For longtime patrons and neighborhood regulars, the concern was palpable. Other classic eateries such as Sam’s Hof Brau succumbed to fire and never returned.

Eighteen months after the blaze, Hana Tsubaki reopened. With packed tables and unrestrained smiles, generations of fans are delighted.

To understand the experience at Hana Tsubaki is to appreciate a different time, an era before strip-mall sushi restaurants dotted the landscape and ramen shops were as ubiquitous as burger counters.

The dining room encourages relaxed, contemplative eating. The space is elegantly paneled in wood, with rice paper shoji screens covering the windows. From the ceiling hangs streamers of linen, ethereal and warm, creating a sense of a cozy cocoon.
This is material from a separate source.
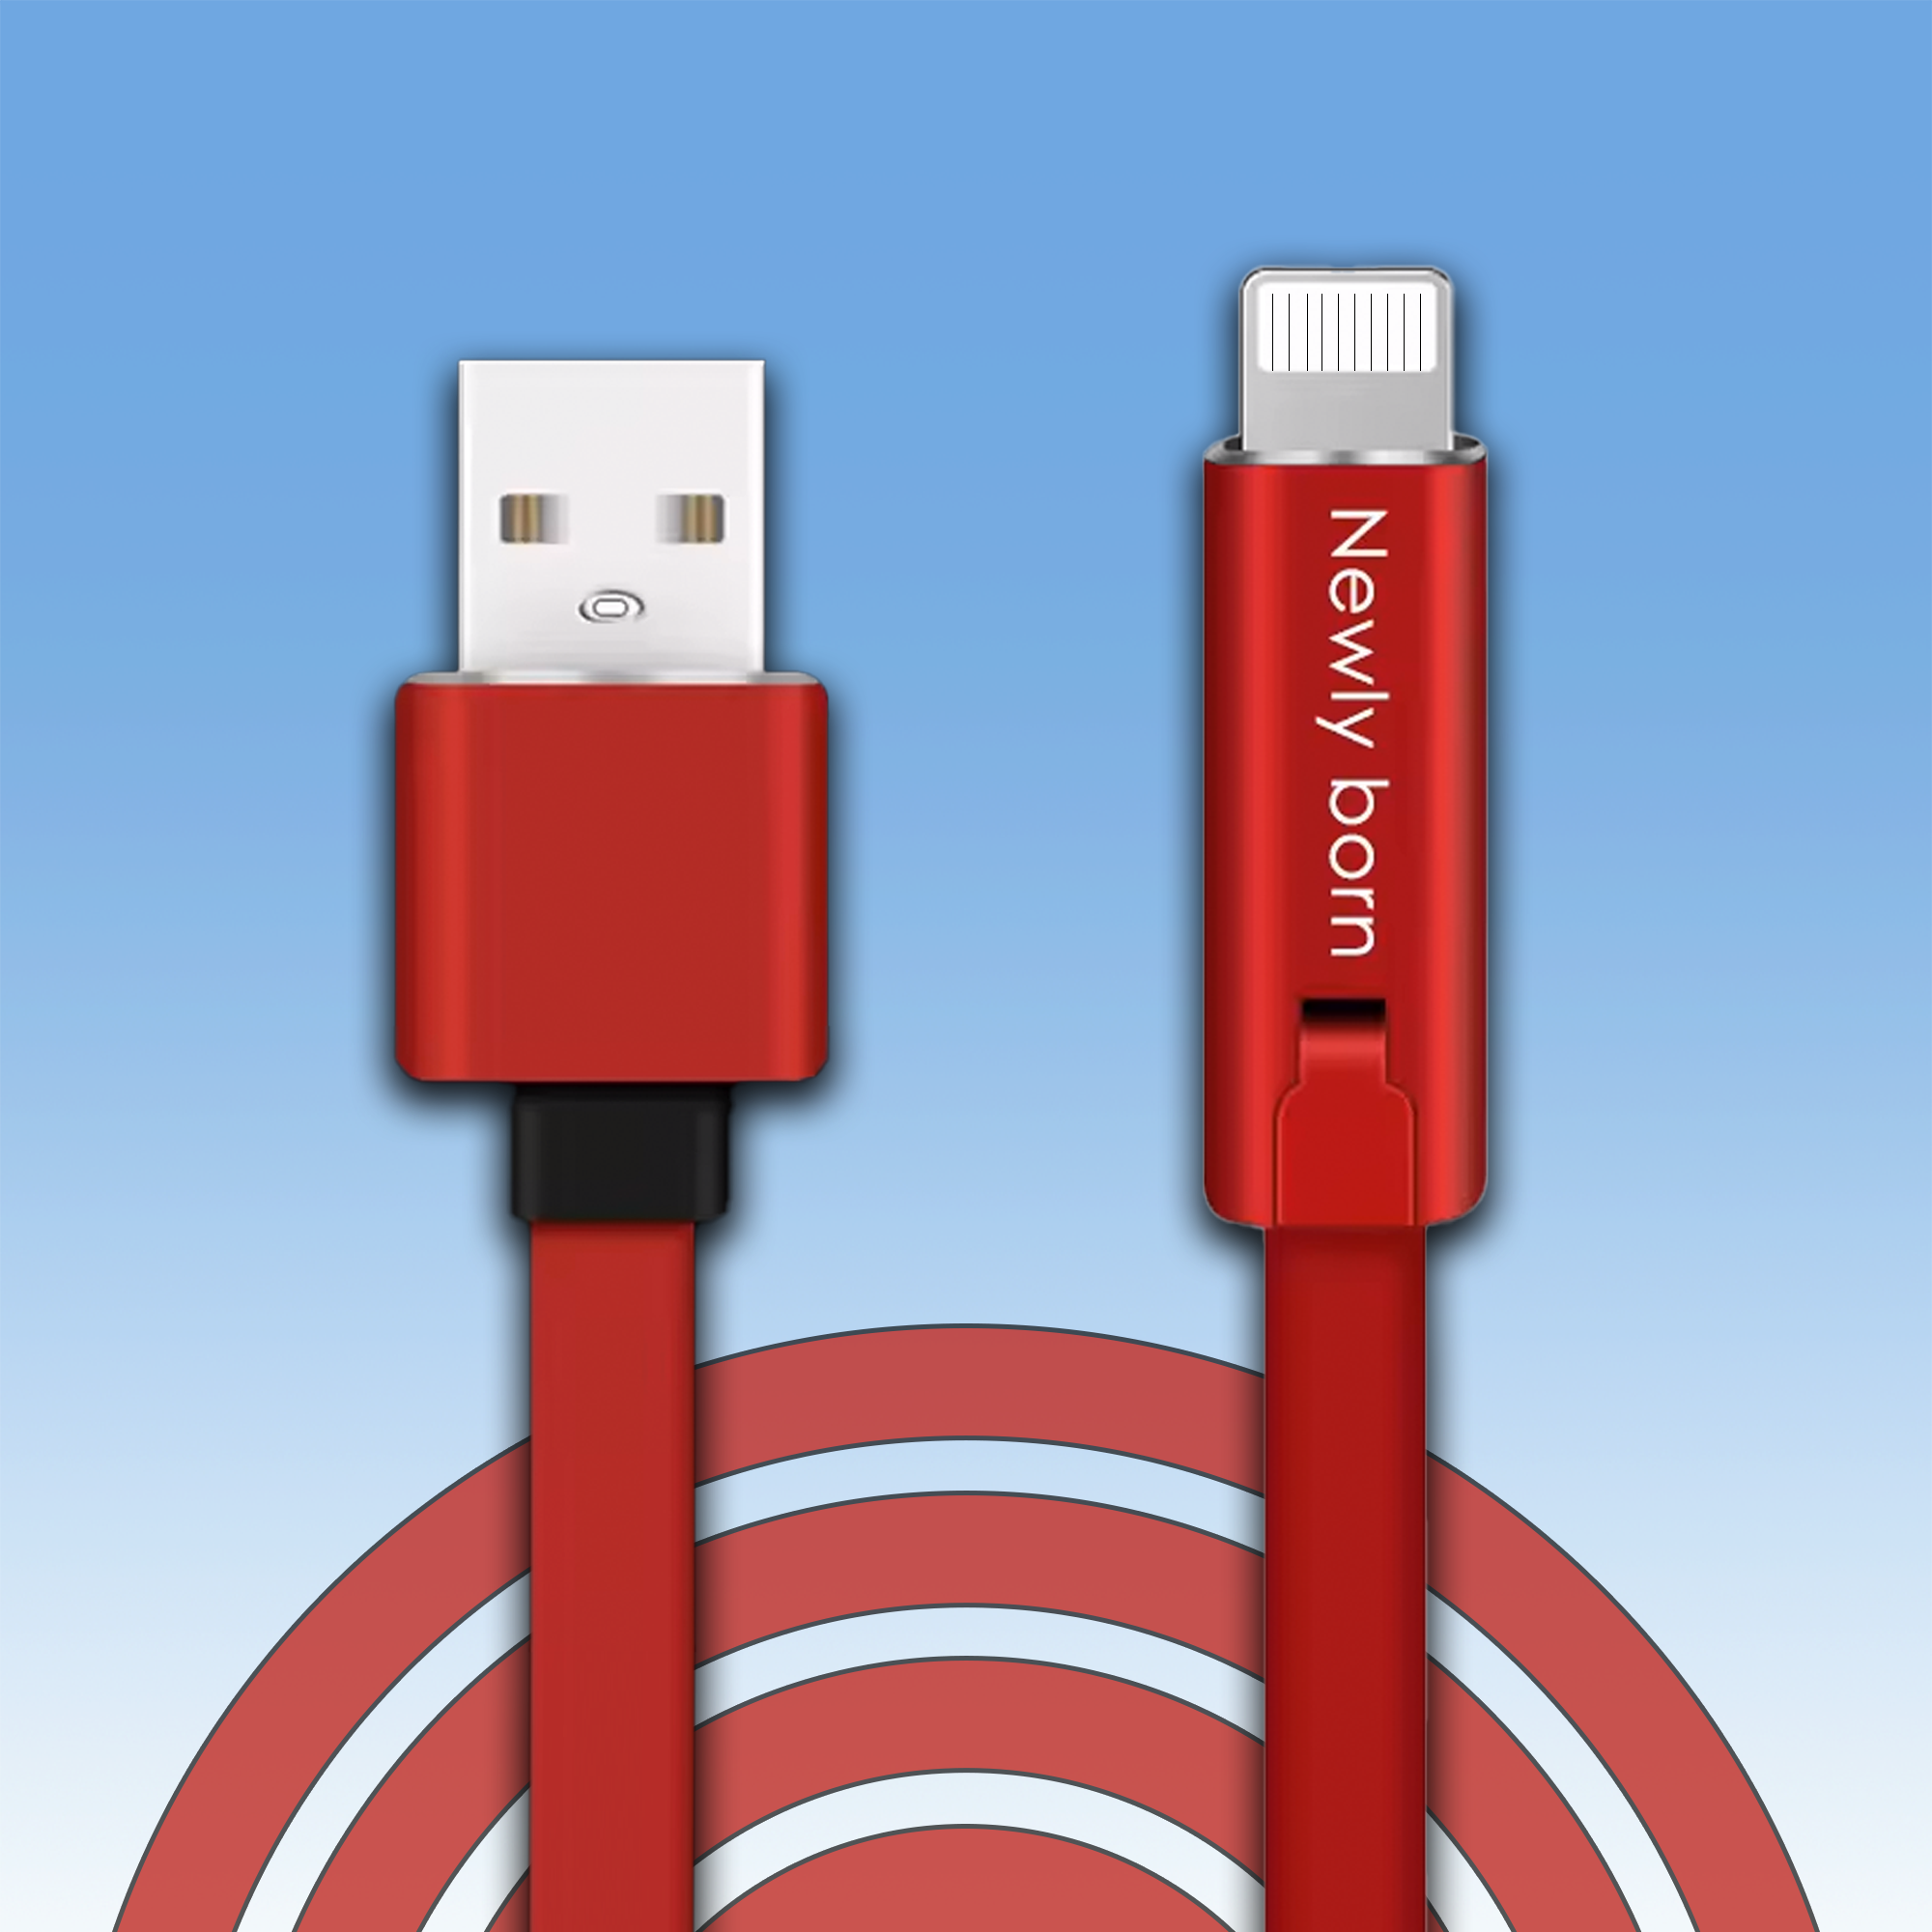 EZConnect Data Cable

I finally figured out the subdued atmosphere on my latest visit. Hana Tsubaki has no television. Flat screens seem obligatory in many modern Japanese restaurants, but the lack of screens in this classic room makes for serene dining.
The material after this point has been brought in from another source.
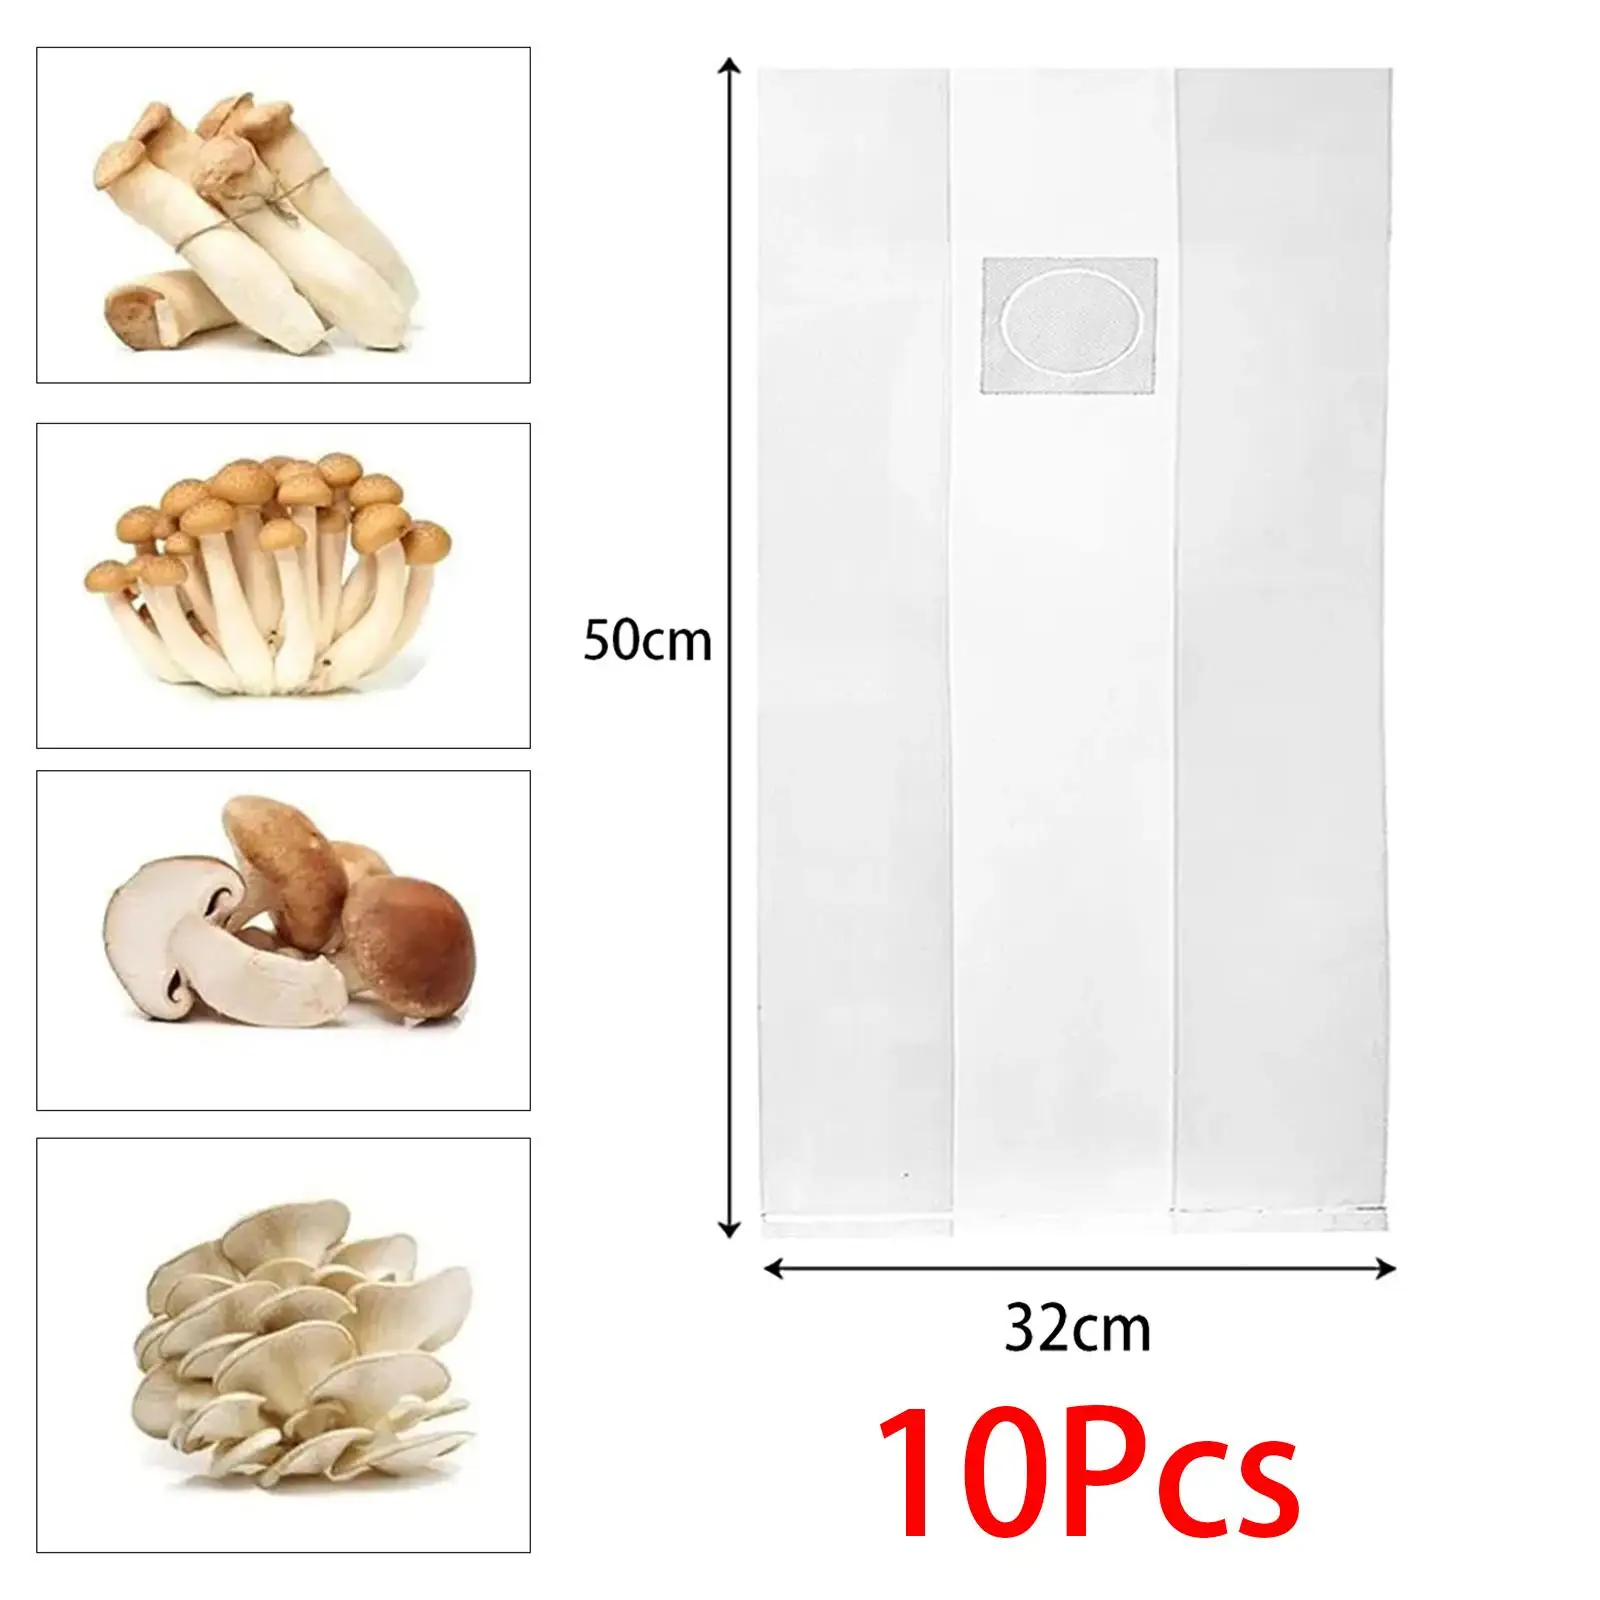 20x Spawning Bags Edible Fungi Growing Bags Large Tear Resistant Strong Extra

What also sets Hana Tsubaki apart is its expansive menu. While sushi is present, it’s not the focus.

Family recipes for sesame chicken and broiled mackerel with teriyaki sauce take top honors. Simple and exact preparations create special dishes at Hana Tsubaki. Sauces sing. Presentations thrive on minimal flourishes.
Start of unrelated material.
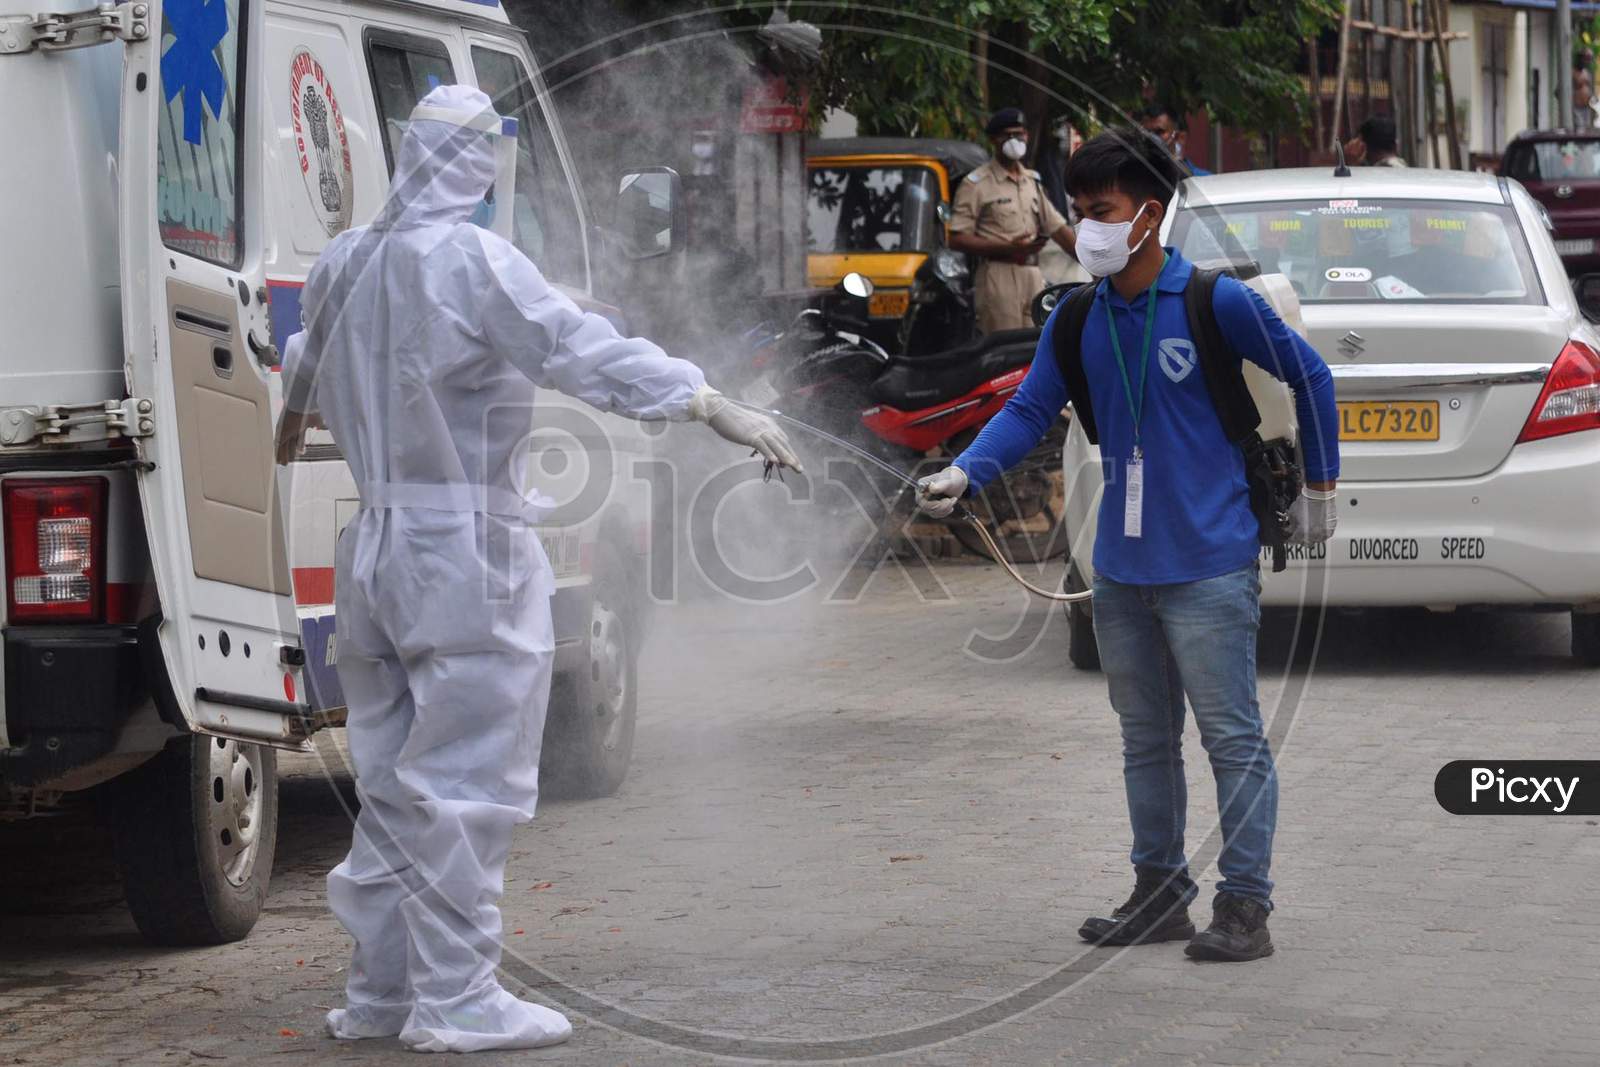 A health worker sprays disinfectant on another health worker outside a Covid-19 test collection center outside a hospital in Guwahati, Assam on July 06, 2020.

Whether preparing sesame chicken, tempura shrimp or tonkatsu pork cutlet, the kitchen’s deep fryer performs at impressive levels. Dishes so simple and common bring the gift of familiarity.

But these fried delicacies are anything but common. They balance between crispy exteriors and moist middles.

Udon noodle bowls are comforting and homey with thick, chewy noodles and rich broth. Hot pots (nabemono) include classics such as sukiyaki, a sweet and savory stew with sliced beef and plenty of veggies.

The sushi menu is no afterthought. If anything has changed in Hana Tsubaki’s four-plus decades, it’s the expansion of sushi to fit modern tastes and expectations. Newer sushi styles with fish, fish eggs, fried bits and sauce are well executed.

The sushi bar shines with small traditional sushi dishes, nigiri and sashimi. A paper-thin piece of flounder (hirame), draped over a tangy morsel of sushi rice, topped with a dot of siracha and a single sliver of green onion is as good a bite as you will get at any local restaurant.

Recognizing classics in your own town can be hard. They feel as if they have always been there and will never leave. It’s with relief to say Hana Tsubaki is back—like it never left.